Exhibit 10.9
This Instrument Prepared By
and Return To:
XXXX X. XXXXXXXXXX, ESQ.
Xxxxx, McClosky, Smith,
Xxxxxxxx & Xxxxxxx, P.A.
X.X. Xxx 0000
Xxxx Xxxxxxxxxx, Xxxxxxx 00000
MORTGAGE MODIFICATION AGREEMENT/1
THIS MORTGAGE MODIFICATION AGREEMENT ("Agreement") is made by and
between XXXXXXXXXXXXX.XXX, INC., a Florida corporation ("Borrower"), XXXX X.
XXXXX (the "Guarantor") (the Borrower and the Guarantor are collectively, the
"Obligors"), and SOUTHTRUST BANK, NATIONAL ASSOCIATION, its nominees and/or
assigns ("Lender" or "Bank") effective September 17, 1999.
R E C I T A L S:
A. The Borrower is indebted to the Lender pursuant to that certain
Promissory Note ("Promissory Note") dated April 29, 1999, executed by Borrower
in the original principal amount of ONE MILLION SIX HUNDRED EIGHTY THOUSAND
DOLLARS ($1,680,000) (the "Indebtedness").

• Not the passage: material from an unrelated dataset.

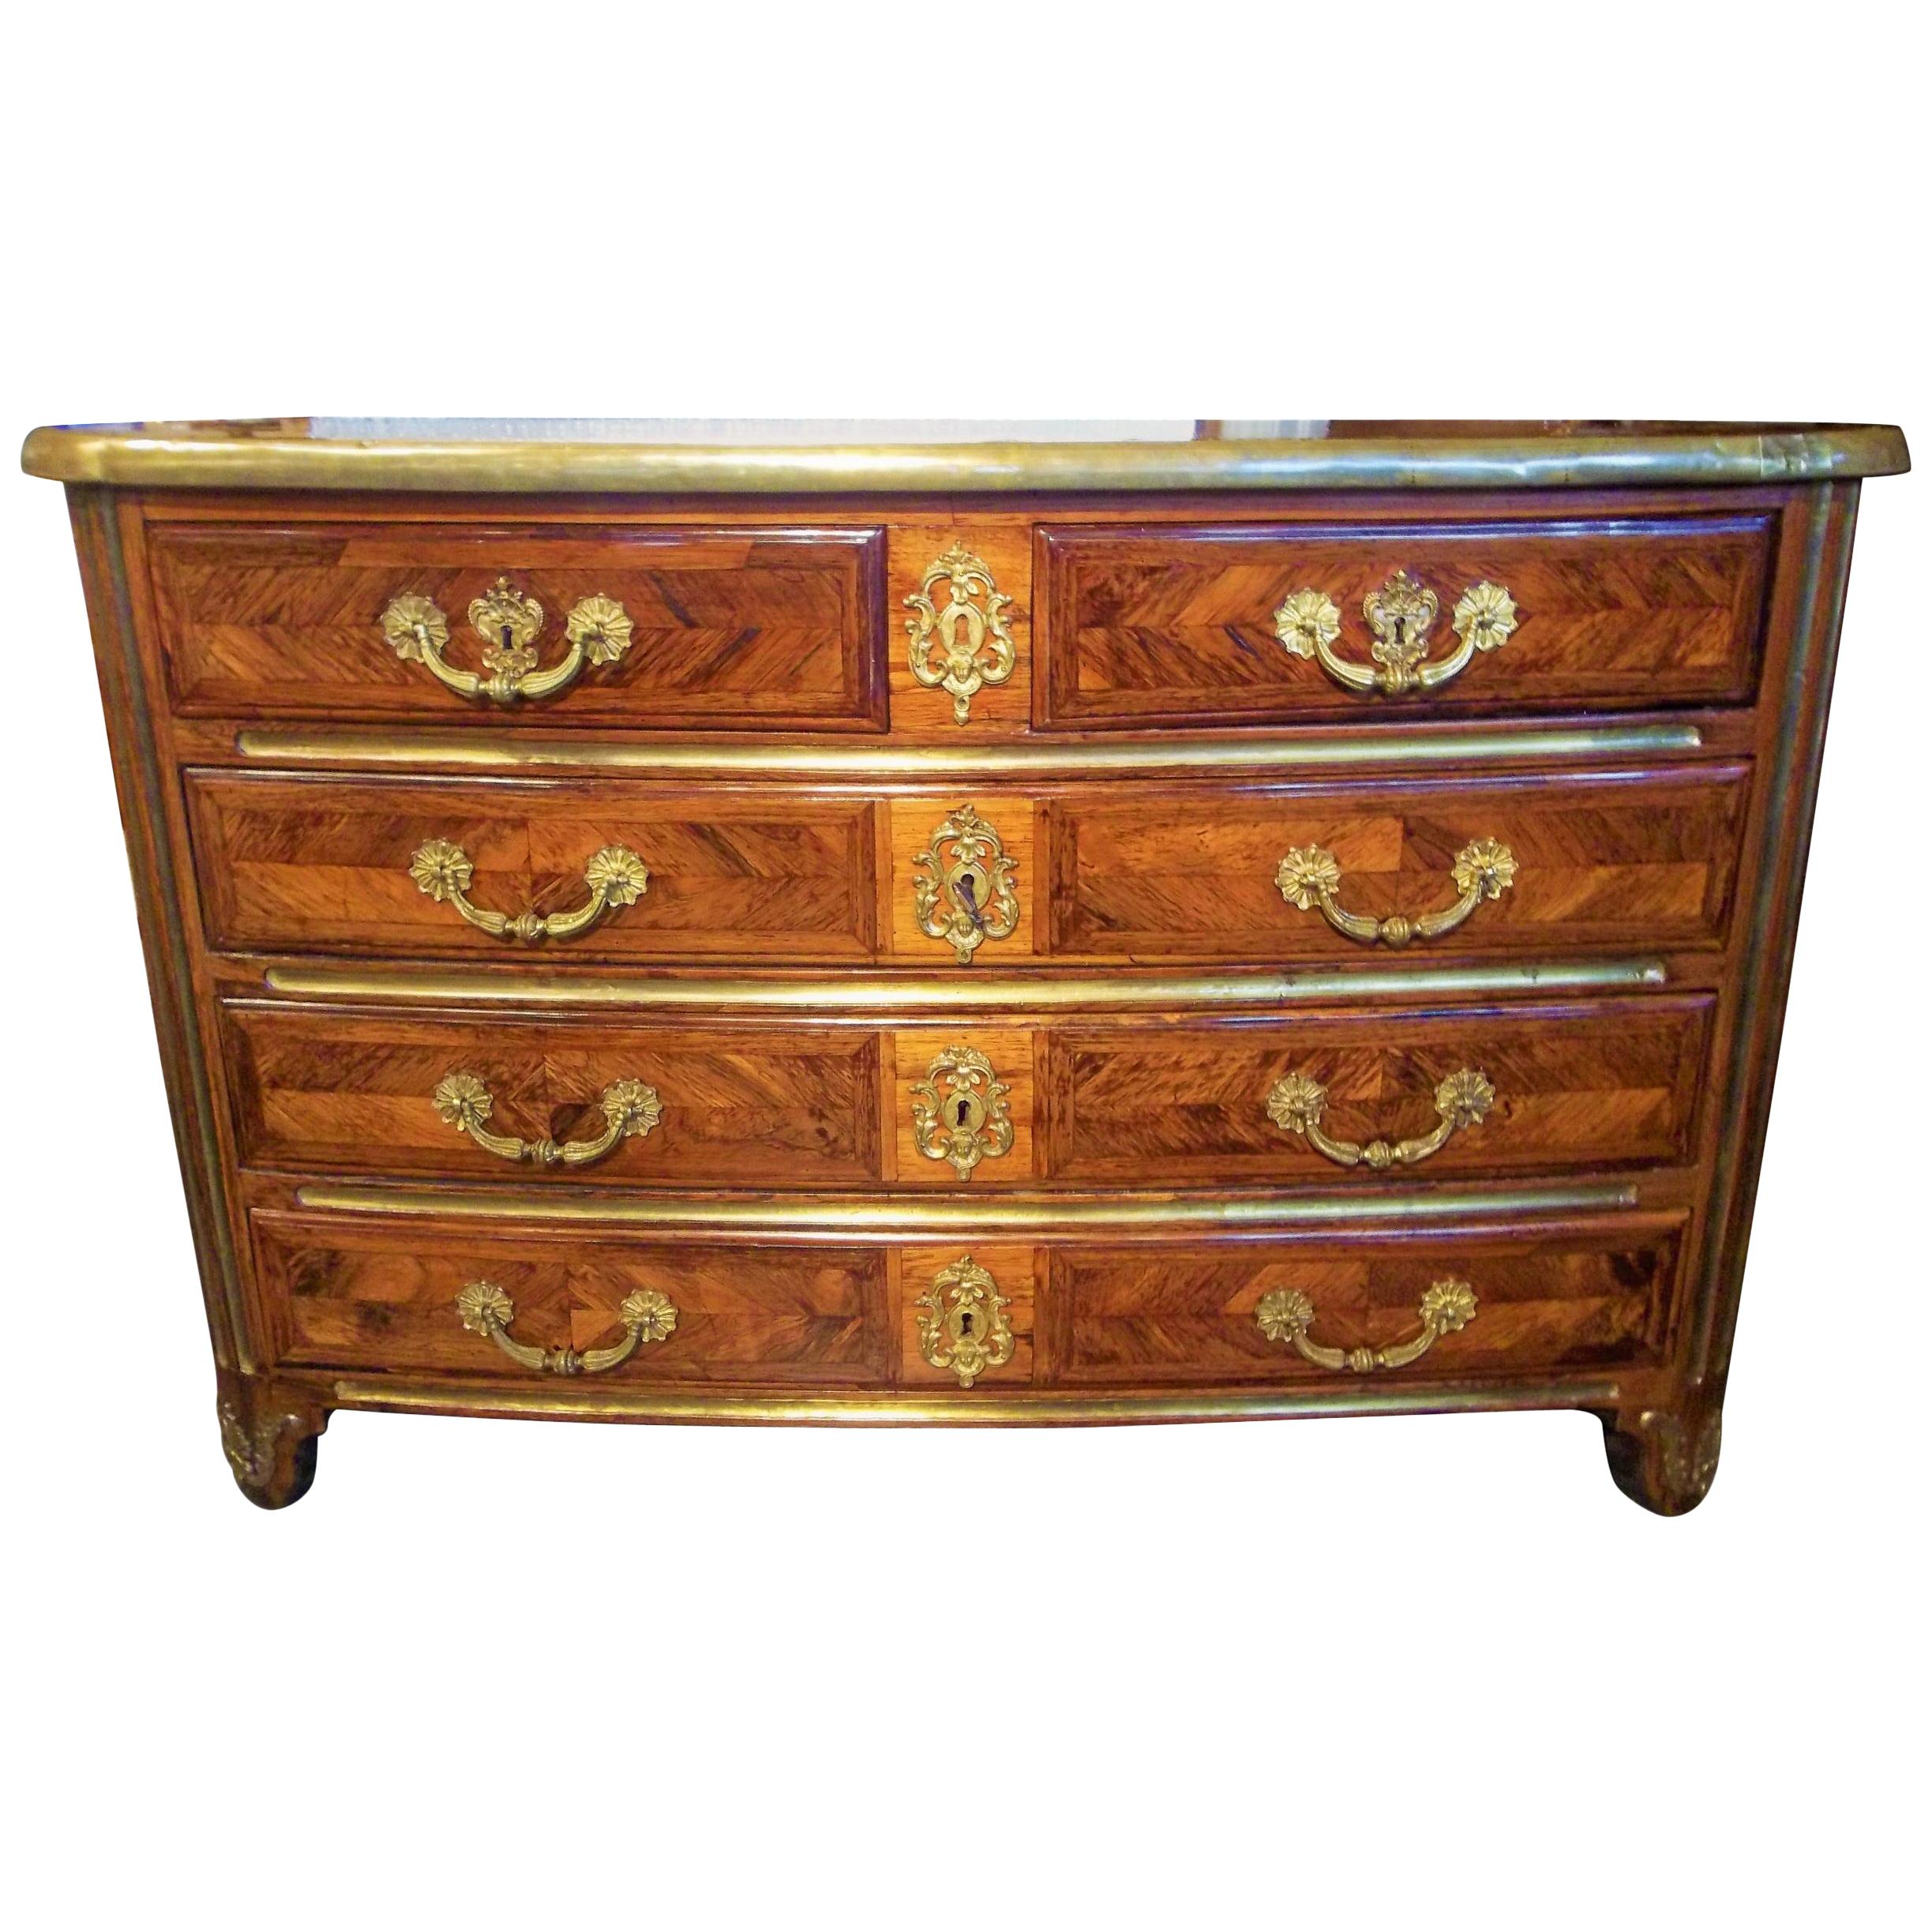 French Regence Kingwood Commode Early 18th Century with Gilded Mounts

B. The Indebtedness is secured by, inter alia: (i) Florida Real Estate
Mortgage, Assignment of Leases and Rents and Security Agreement dated April 29,
1999, recorded in Official Records Book 29421, Page 1377, of the Public Records
of Broward County, Florida (the "Mortgage"); and (ii) UCC-1 recorded in Official
Records Book 29421, Page 1407, of the Public Records of Broward County, Florida
("UCC").
C. The Guarantor guaranteed the Indebtedness pursuant to, inter alia,
the Continuing and Unconditional Guaranty dated April 29, 1999 (the "Guaranty").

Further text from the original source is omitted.